Ich hab meine Routine von letztem Jahr wiederhergestellt. Hat ja gut funktioniert.
Also einen Ordner erstellt, Blanko-Textdateien hinein, Normseiten-Format, Nummerieren. Anstatt mehrere Ordner mit je 30 Blanko-Textdateien für jedes Kapitel, lieber einen Ordner mit 100 Blanko-Textdateien.
Jetzt schreibe ich jeden Tag ein oder zwei Mal jeweils 3-4 Seiten. Eine Szene. Man kann die Kapitel später aus mehreren Szenen zusammensetzen, wenn es sein muss. So ist es übersichtlicher. Es ist nur manchmal so, dass die Szenen nicht klar abgegrenzt sind. Aber sortieren kommt später.
Ich hatte für die Zeit in der Zwischenwelt, bevor Veronikas Heldenreise beginnt, noch keinen Plan. Dann hab ich überlegt und etwas in mein Kladdebuch gekrakelt und da fiel mir auf, dass was ich gerade mache, sind Outlines. Genau das. Was ich immer zwischendurch mache, wenn mir was Gutes einfällt. Ich schreibe es in mein Kladdebuch. Und das ist tatsächlich oft genug mein Wegweiser beim Schreiben, auch wenn ich davon wieder abweiche und eine neue Kladde mache. Aber genau das ist Outlining.
Aber die Geschichte eines Romans, der ca. 400 Seiten umfasst, in sauber und ordentlichen, detailliert aufgeschriebenen Worten vorher zu planen, das ist wahrscheinlich unmöglich. Und es ist unmöglich, sich daran zu halten. Outlines sind flexibel. Das stand irgendwo geschrieben. Wie kann es sein, dass ich etwas machen will, was ich schon lange gemacht habe und es nicht merke? Wie kann es sein, dass ich denke, so unmögliche Sachen, wie alle Inhalte vorher schon klar zu wissen, sei möglich?
Ich bin jedenfalls erleichtert, dass ich jetzt die zweite Rohfassung mit viel mehr guten Ideen im Kopf beginne, als ich jemals für möglich gehalten hätte. Aber der Anfang ist schwierig. Gelöst hatte ich schon das Problem, dass es immer länger wird und ich am Anfang plötzlich zu viel erklären will. So was will keiner lesen, vermute ich.

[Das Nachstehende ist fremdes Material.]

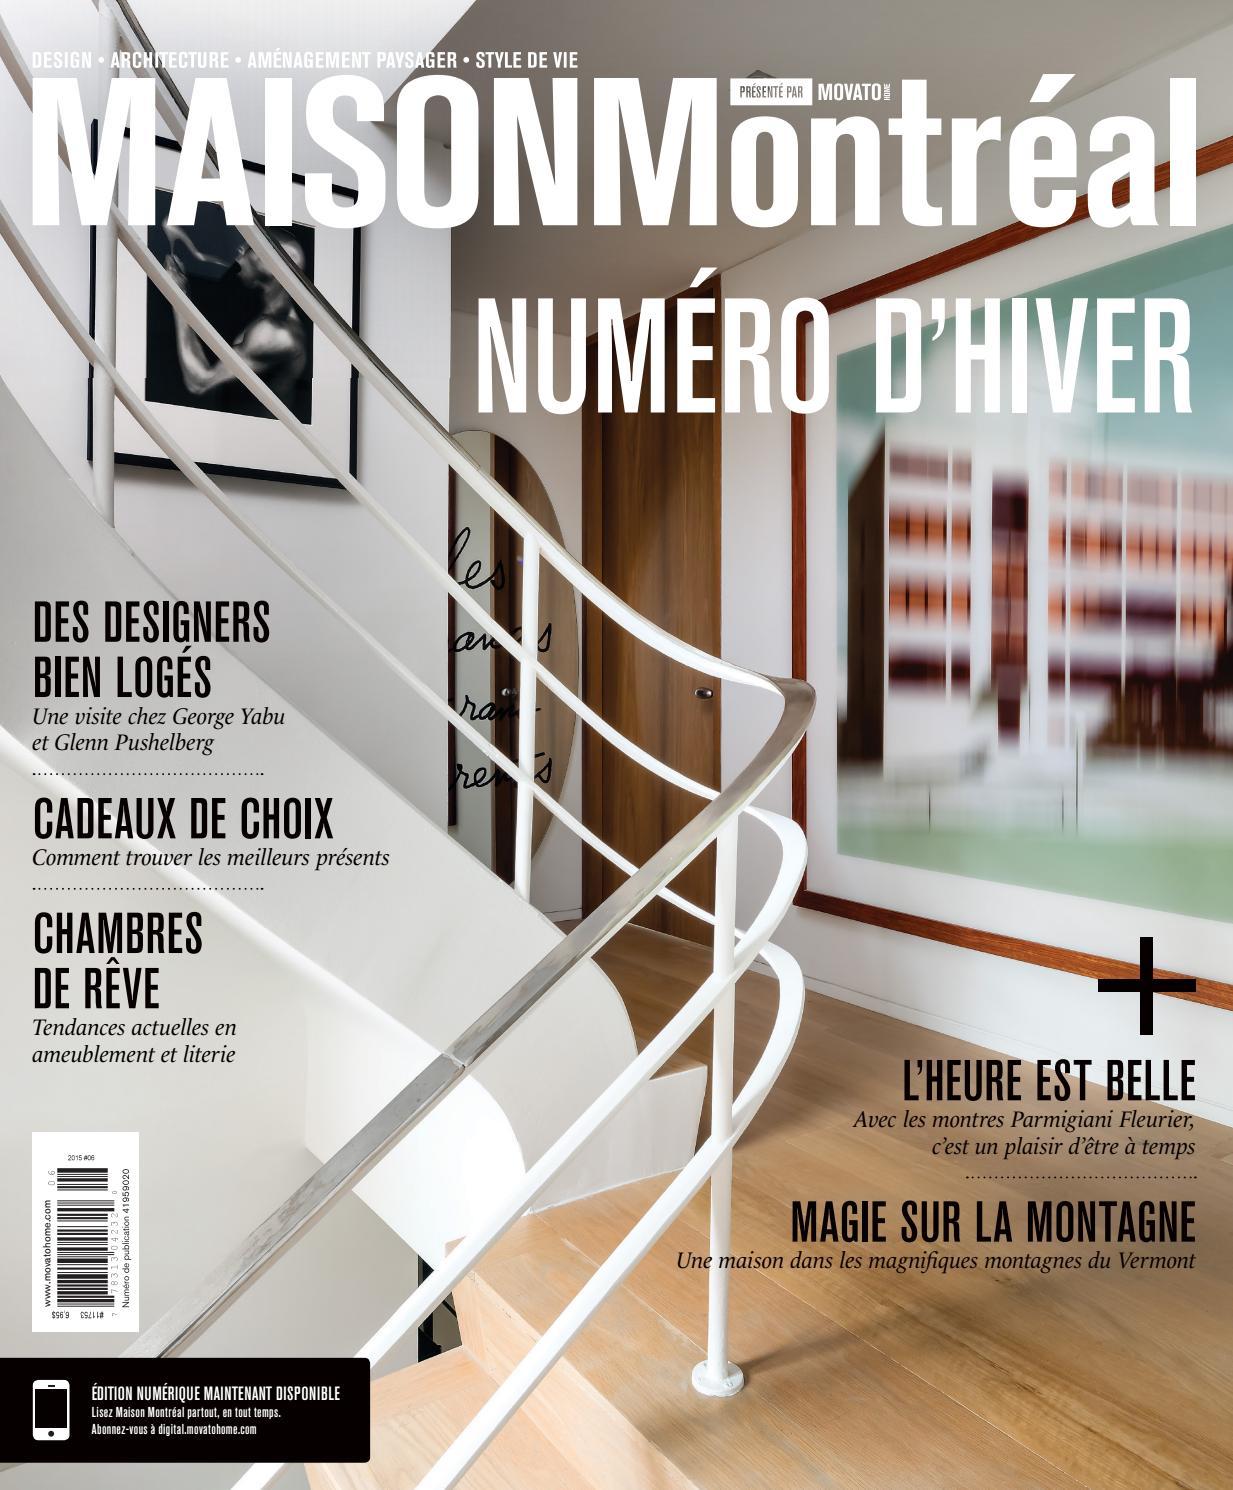 Maison montr al num ro d 39 hiver 2015 2016 by movatohome for Architecture et tendances magazine

Was ich jetzt brauche, ist eine glaubwürdige Interaktion zwischen John und Melli und wie sie das Geheimnis dieses Ortes lösen, an dem sie gemeinsam festsitzen. Dann einen Übergang zu Veronikas Heldenreise. Das Potential ausschöpfen heißt, John und Melli bekommen ihre Aufgaben gestellt und müssen sowohl ihre eigenen Probleme, als auch die von anderen Leuten lösen.
Wie verhält man sich, wenn man in einem Ozean zu sich kommt, mit einem Weltall am Himmel, ohne Tag und Nacht, Temperatur oder Wetter. Was denkt man, wo man ist? Wie leidet man darunter, dass man keinen Boden unter den Füßen hat. Und warum ist dieser Ort überhaupt so? Wie gehen die Bewohner mit den Neuankömmlingen um? Genau das. Am Ende hole ich mir aus beiden Rohfassungen das Beste raus. Wie findet man traumatische Erinnerungen wieder, wenn der Ort, an dem man wieder zu sich kommt, ebenfalls traumatisierend ist?
Jedenfalls gehe ich mit der Gewissheit ins Bett, dass ich Outlinen kann. Ich hab es schon gemacht, ich habs bloß nicht gemerkt oder es war mir nicht gut genug oder was weiß ich. Sind das normale Anfängerfehler oder bin ich einfach nur besonders blöd?
ACHTUNG! KEINE SELBSTZWEIFEL.
Verzweiflung kommt von Selbstzweifeln. Das kann man beim Schreiben nicht gebrauchen, denn das zerstört die Motivation. Ohne Motivation keine Aktion.